Material provided:
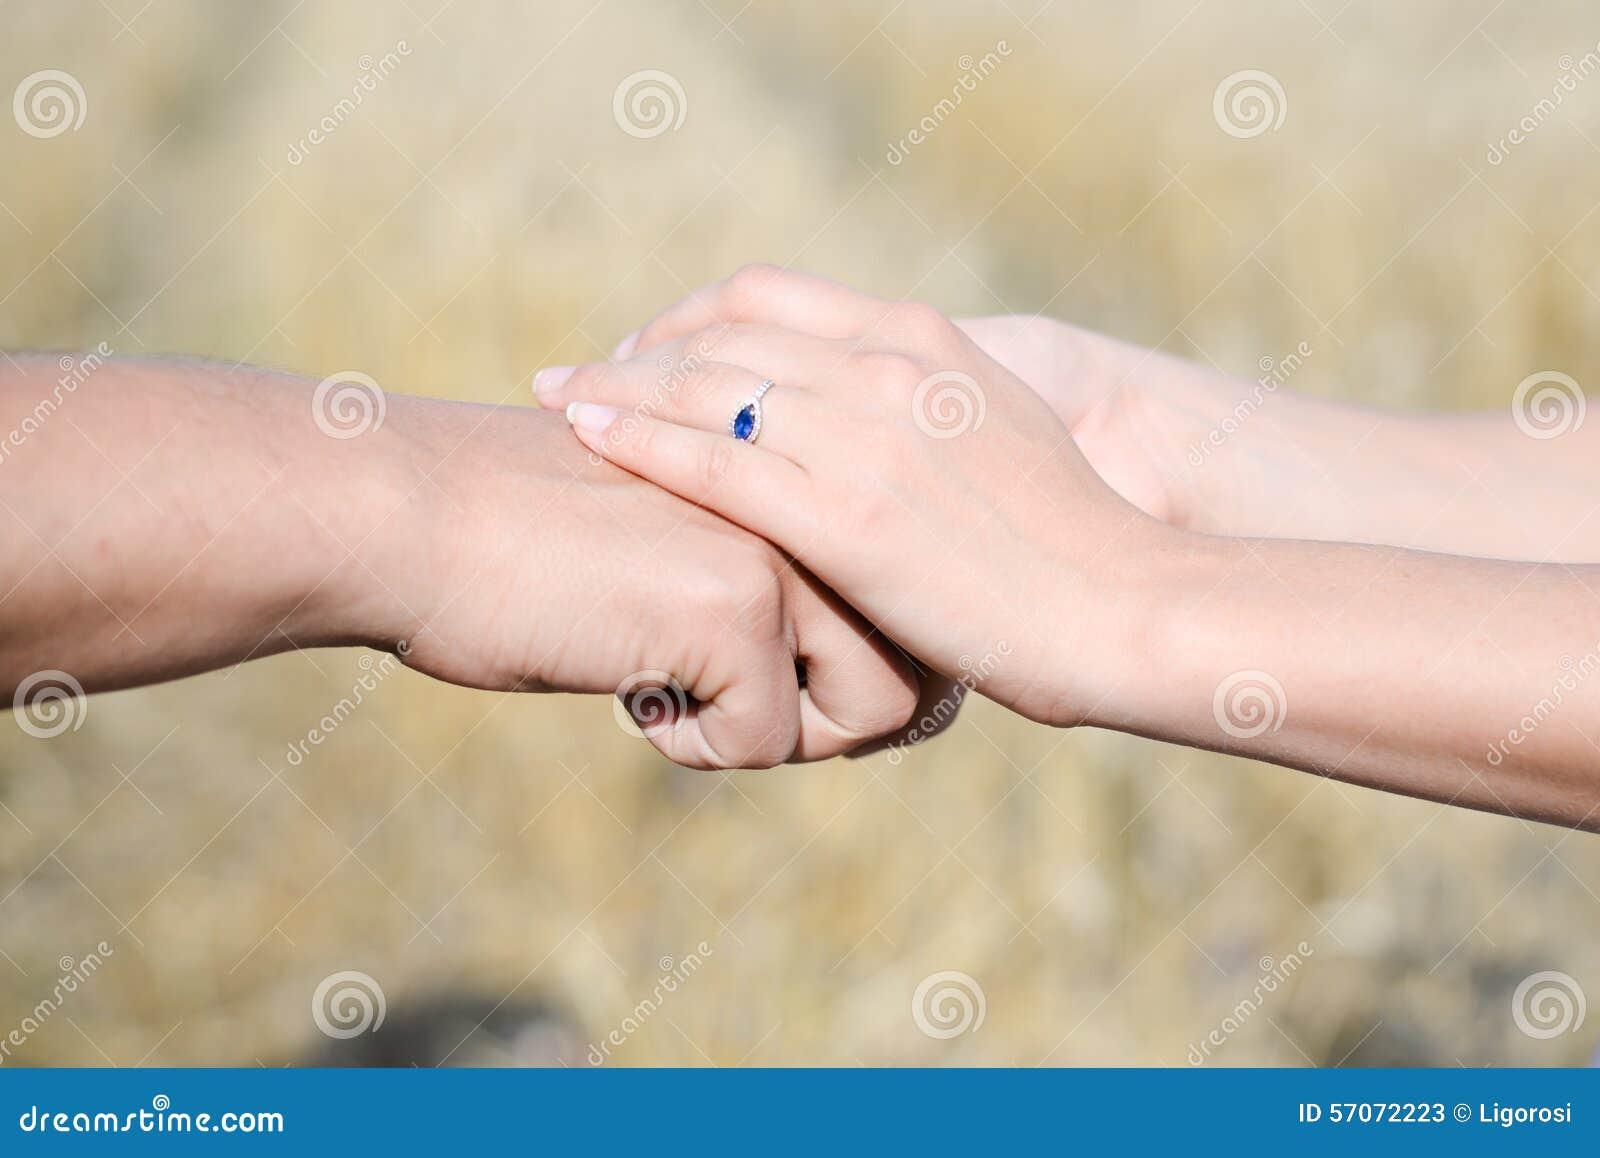 De handen van het wijfje gezet over de hand van het mannetje
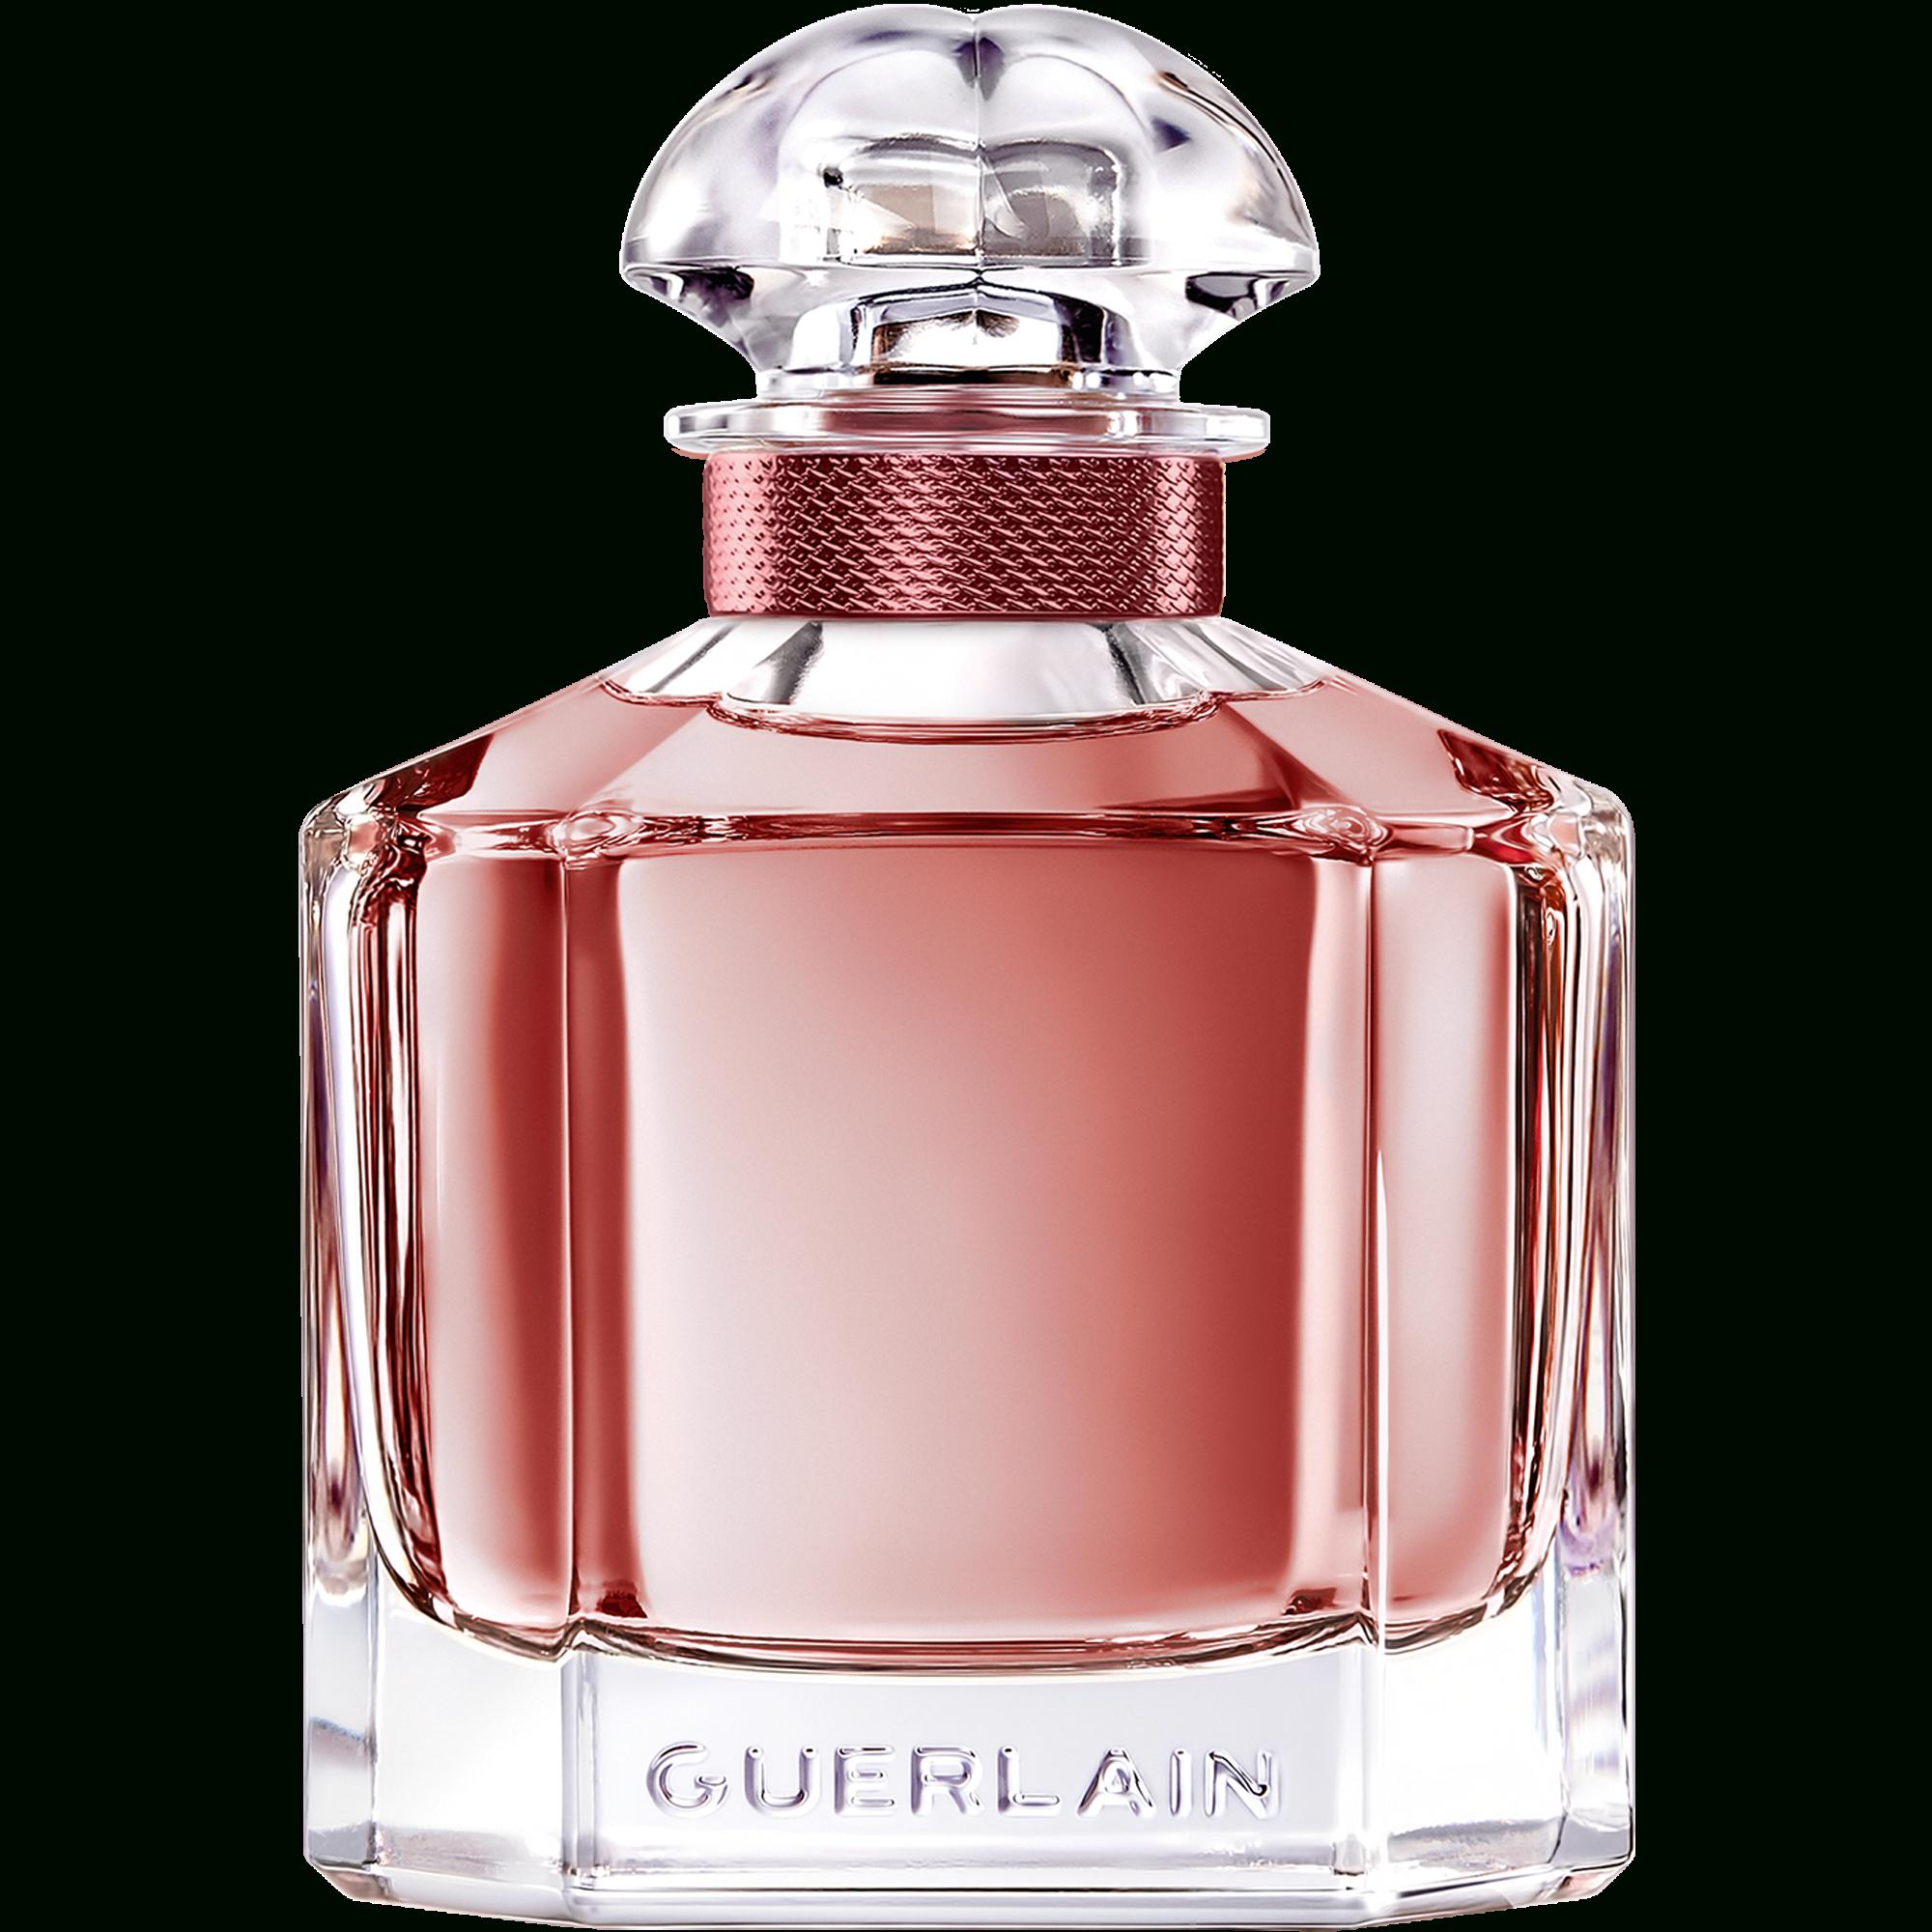 Mon Guerlain - Guerlain intérieur Jardin De Bagatelle Guerlain
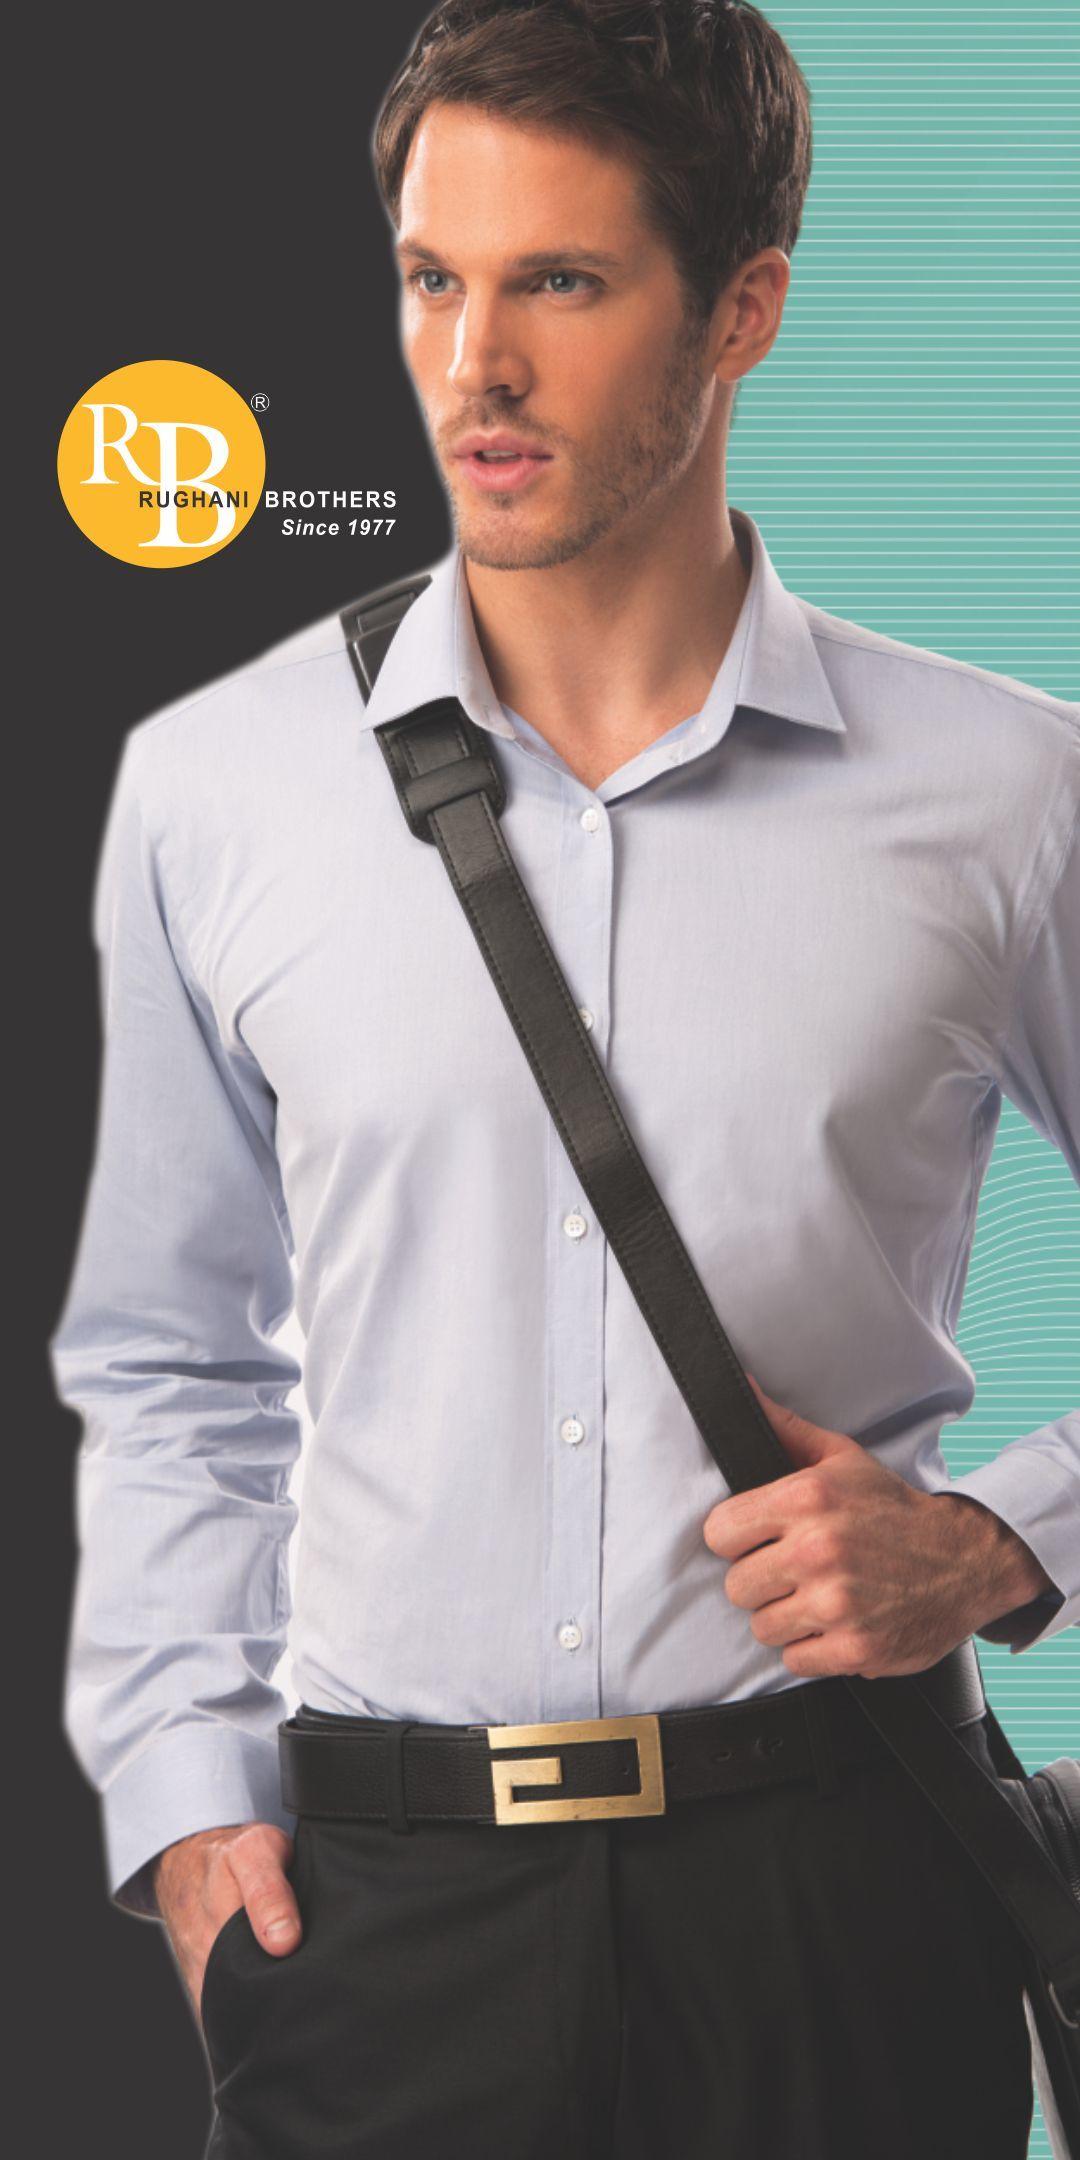 Men's Formal Shirts

Task statement:
Take the lines from the one that contains "Mon Guerlain - Guerlain" through the last line of the material above and reproduce them exactly, leaving out any pictures.

Result of this exercise:
 Mon Guerlain - Guerlain intérieur Jardin De Bagatelle Guerlain
 Men's Formal Shirts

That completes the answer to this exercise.